273 "https://en.wikipedia.org/wiki/User_talk:Dsimic by providing complete program output.\n");
274
275 exit(EXIT_FAILURE);
276 }
277 }
278
279 exit(EXIT_SUCCESS);
280
281 ?>
Output example
Below is an example of the output produced when the program from above is run.

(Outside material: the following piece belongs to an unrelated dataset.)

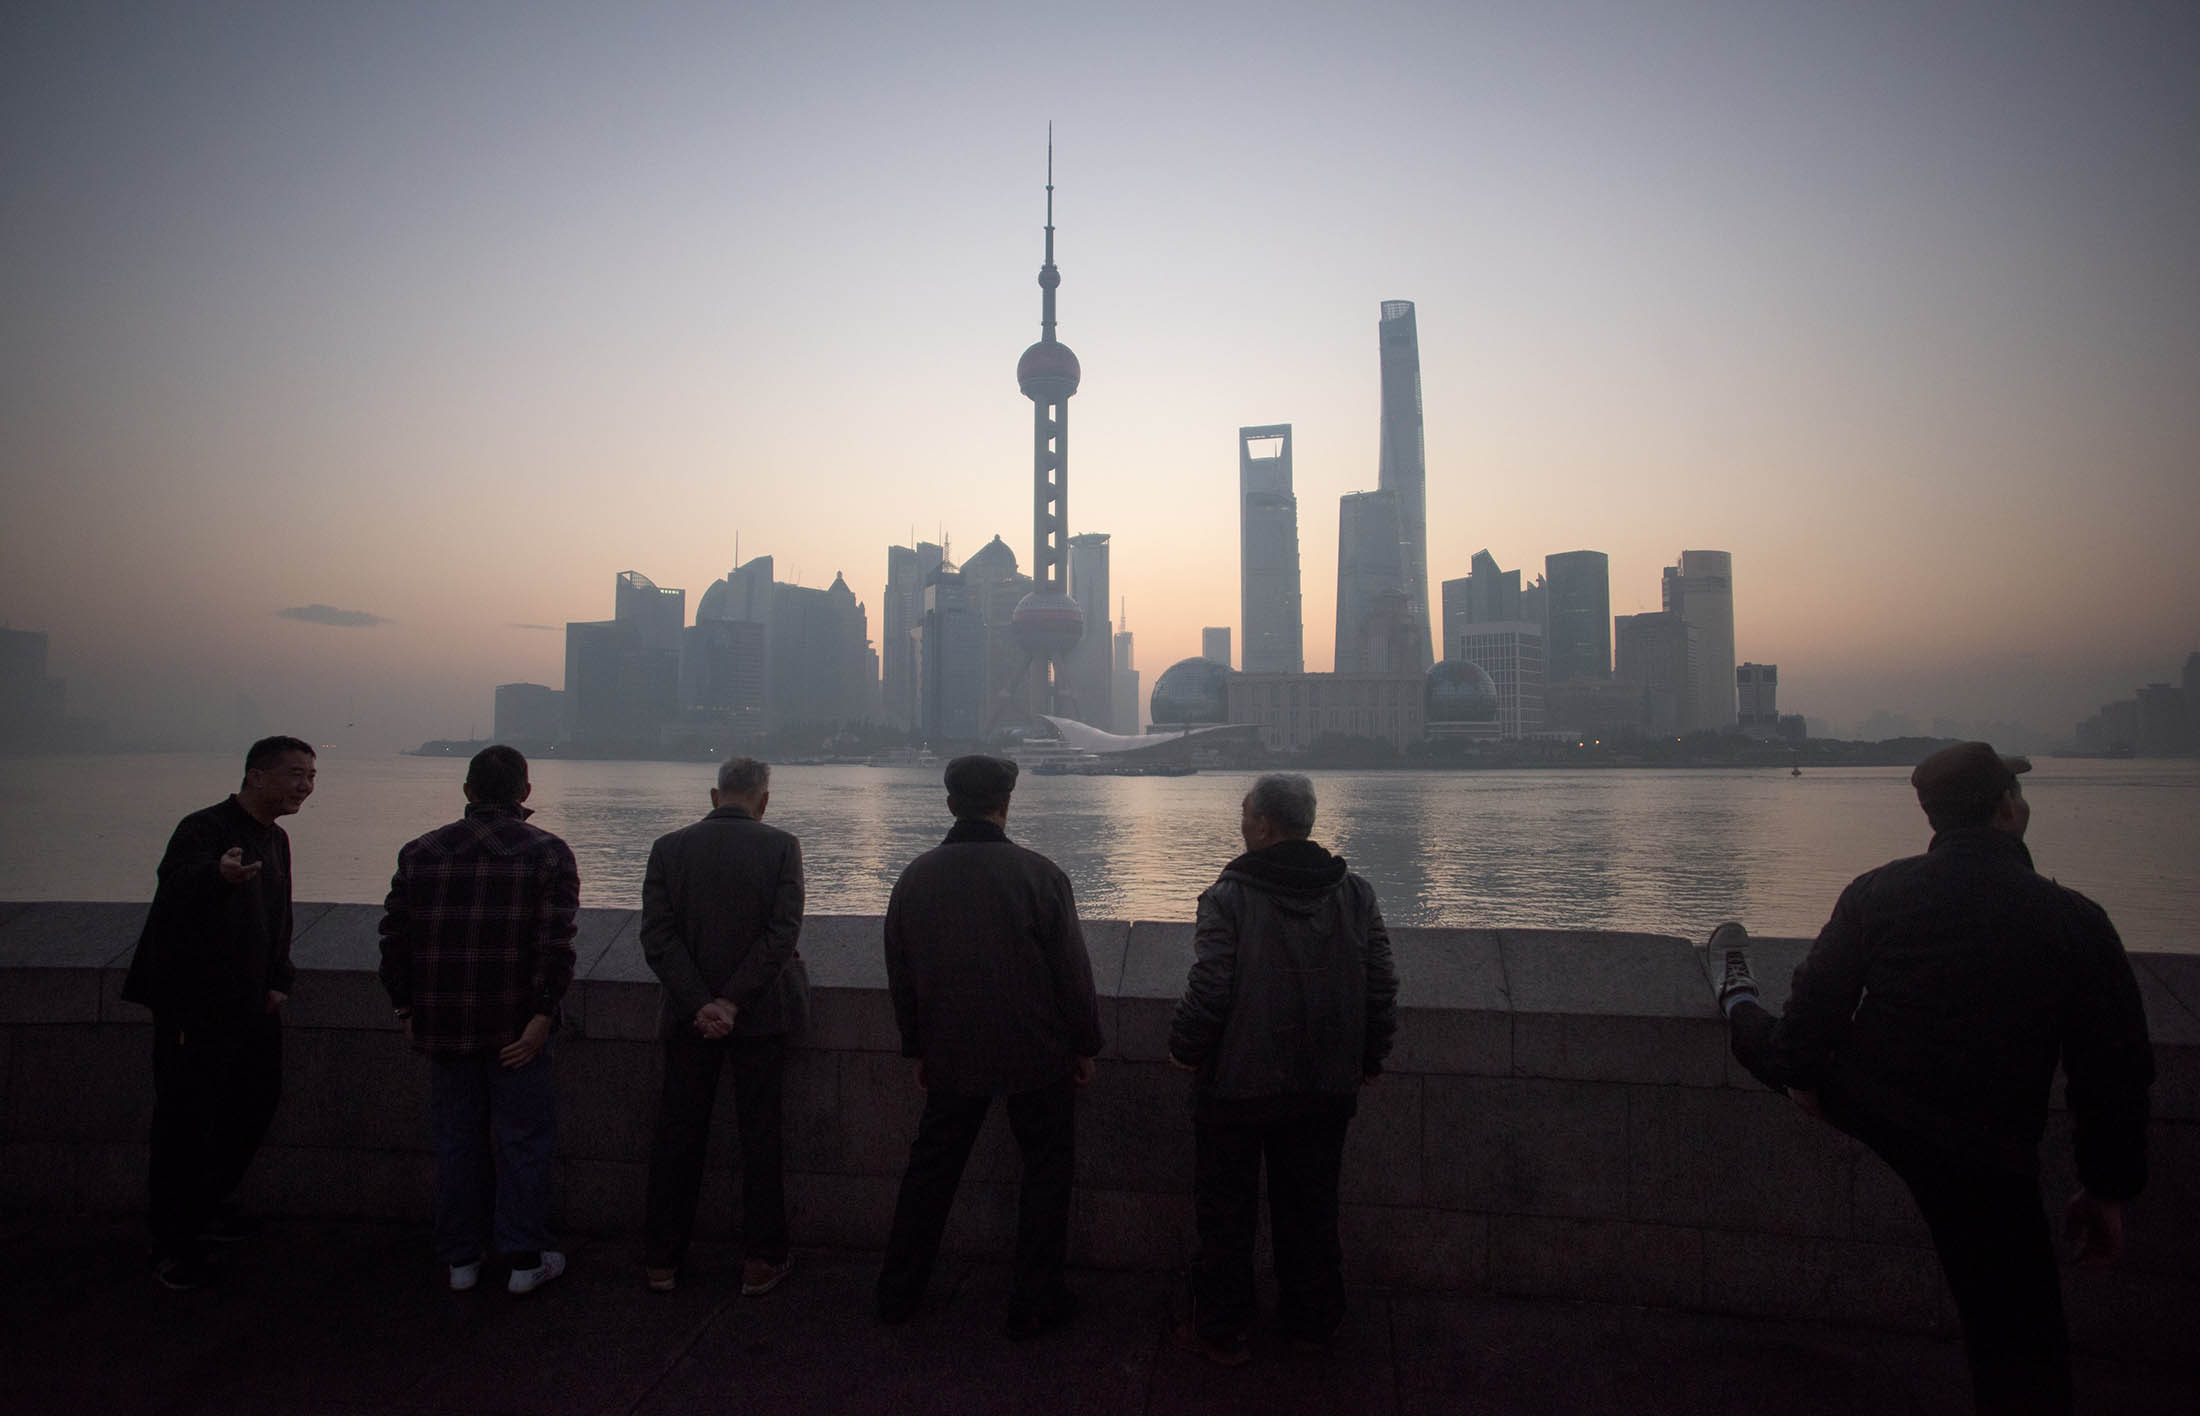 Elderly men stand together in front of the skyline of the Lujiazui Financial District in Pudong in Shanghai at dawn on December 1, 2015. AFP PHOTO / JOHANNES EISELE / AFP / JOHANNES EISELE (Photo credit should read JOHANNES EISELE/AFP/Getty Images)

The program sorts the articles by their total page views in descending order, so the article that has received the largest number of page views is on top of the list.
Fetching statistics data: ....... done.
- M.2: total 43,038 views
- SATA Express: total 18,979 views
- Android Runtime: total 14,322 views
- CoreOS: total 9,897 views
- HipHop Virtual Machine: total 9,443 views
- Laravel: total 8,891 views
- Open vSwitch: total 3,240 views
- dm-cache: total 2,233 views
- ARM Cortex-A17: total 2,209 views
- OpenZFS: total 2,194 views
- UniDIMM: total 1,923 views
- bcache: total 1,470 views
- Port Control Protocol: total 1,143 views
- zswap: total 1,090 views
- Management Component Transport Protocol: total 942 views
- WebScaleSQL: total 891 views
- ftrace: total 848 views
- Intel X99: total 806 views
- kpatch: total 783 views
- Address generation unit: total 777 views
- kdump (Linux): total 713 views
- Solid-state storage: total 640 views
- Buildroot: total 639 views
- kernfs (Linux): total 634 views
- Eurocrem: total 633 views
- kGraft: total 580 views
- ThinkPad 8: total 460 views
- Distributed Overlay Virtual Ethernet: total 395 views
- OpenLMI: total 389 views
- Emdebian Grip: total 349 views
- kernfs (BSD): total 231 views
- List of Eurocrem packages: total 98 views
- Stagefright (bug): total 0 views
- Row hammer: total 0 views
Done, January 2015 statistics for 34 articles fetched in 3 seconds.
Total 130,880 views, averaging in 4,221 views per day (31 days in that month).